The Thomaskirche which began construction in 1212 is famous due to its development of music. My least favorite composer Johan Sebastian Bach was the music director from 1723 until his death in 1750. Composing many of his works in this building. Wolfgang Mozart preformed here in May of 1789. And Richard Wagner was baptized here in August of 1813. 



I actually don’t know which building this is but I like it. 



Leipzig is lit up every night after dark in the days of freedom. 



Part of the massive headhouse of the Leipzig Hauptbahnhof. 



The Flying Hamburger DMU built in the 1930s as Germany’s first diesel powered streamliner. It held the average speed of 77 mph between Hamburg and Berlin until the record was matched and beat by Deutsche Bahn in 1997. 

Can you guys tell Leipzig is a place I would love to live?


----------



## Seaboard92 (Jun 18, 2019)

Day 9: Innotrans and the New Train Smell

I woke up early this morning to get one of the first ICE trains out of Leipzig for the big and beautiful city of Berlin. However we won’t be visiting the Brandenburg Gate or the Wall. We will be going to Innotrans the every other year tradefair at Messe Berlin for the rail industry. 

I was on an ICE I train in my own compartment leaving Leipzig at 5:45 and into Berlin shortly after seven. I had my favorite Chocolate Cake that Deutsche Bahn serves for breakfast as we were passing Lutherstadt Wittenberg where Martin Luther nailed his thesis on the church door. I alighted from the train at Berlin Südkreutz (South Cross) and took a clockwise ringbahn train several stops to the Messe where I got my credentials and went into the trade fair. 

I made a bee line straight for the outdoor rail yard where all of the new equipment is on display. Along the way I passed stand upon stand of everything from toilets, to window shades, to chairs, even to carpets for new trains. After about a fifteen minute walk I made it out to the display tracks. My friend Malcolm would be joining me in an hour. I photographed every inch of the modern trains complete with the new train smell. And Innotrans is the only place it isn’t weird to squat and look at the minute details of a truck assembly, or the frame. In fact that’s encouraged. 
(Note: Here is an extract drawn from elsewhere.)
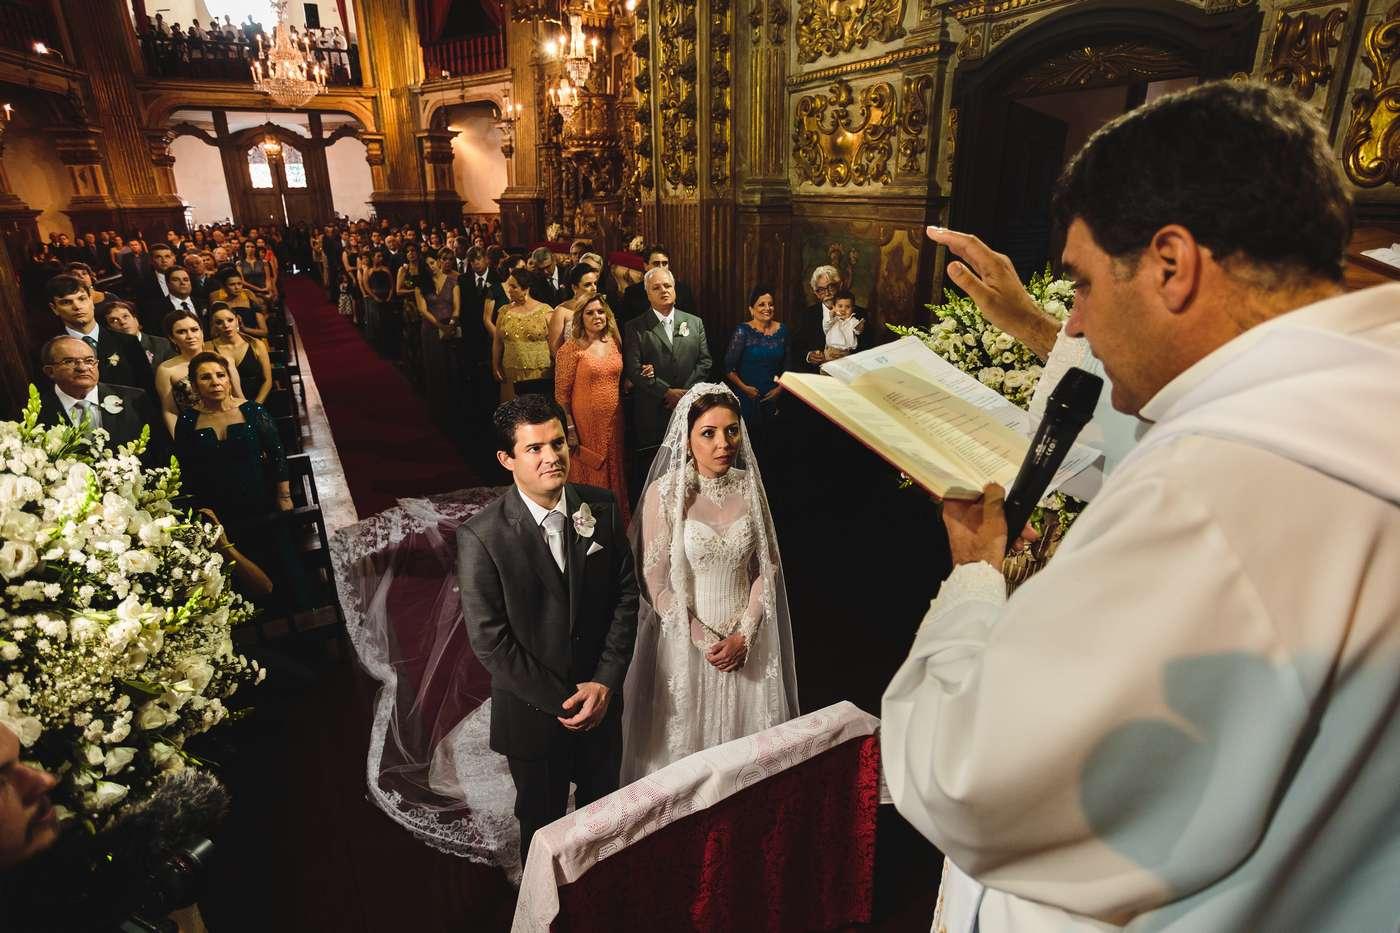 Casamento Clássico Em Ouro Preto / Igreja do Pilar

Malcolm joined up with me after a longer commute from a closer distance than me and we proceeded to tour all of the new trains. As well as ride the steam engine they had giving short cab rides. After that we strolled around the various vendors inside picking up all sorts of free swag. I talked to a handful of them about things we need on our chapter cars like window shades, a new toilet system, and a few other minor things. We had a small lunch at some point on this hot day at one of the many eateries inside the event. I stood out from the crowd because I was in my suit whereas a lot of the visitors were a bit more casual than me. I wish I had worn my tennis shoes however. 

At around four PM Malcolm and I left for the S Bahn taking a counter clockwise train back to Südkreutz where we boarded an overcrowded ICE III set back to Leipzig. Neither of us were able to get a seat so we stood for the entire 90 minute ride. We arrived and I gave Malcolm instructions on where to find a glasses store seeing he needed some, and I went to change clothes across the street from the station in my hotel. 

I met up with him again thirty minutes later at the Nikolai Kirche from the Peaceful Revolution when the communist dictatorship and occupation was thrown out. After that a short walk later put us at the Ratskeller where we shared his birthday dinner outside again. After we ate dinner I took him for a walking tour of the Altstadt before taking him back to the Hauptbahnhof to catch an ICE for Berlin and I went back to my hotel.


----------



## Seaboard92 (Jun 18, 2019)

A Deutsche Bahn Regio at Leipzig Hauptbahnhof. 



My ICE I that whisked me to Berlin. If you want to ride these you need to act soon as all are slated for retirement. 



Innotrans. 



The Chinese were well represented this year at Innotrans. 



The new Siemans long distance coach on display. 



One of the Alstom displays. 



Three different EMU’s this year was predominantly regional trains. 



Lucy the little 0-4-0T steam engine giving rides. 



The ÖBB CityJet Eco. 



Inside the CityJet Eco by Siemens


----------



## Seaboard92 (Jun 18, 2019)

More Innotrans display. 



A departing ICE at Leipzig Hauptbahnhof 



Leipzig’s City Hall. 



The Commerz Bank Leipzig which sits right next to the Thomaskirche. 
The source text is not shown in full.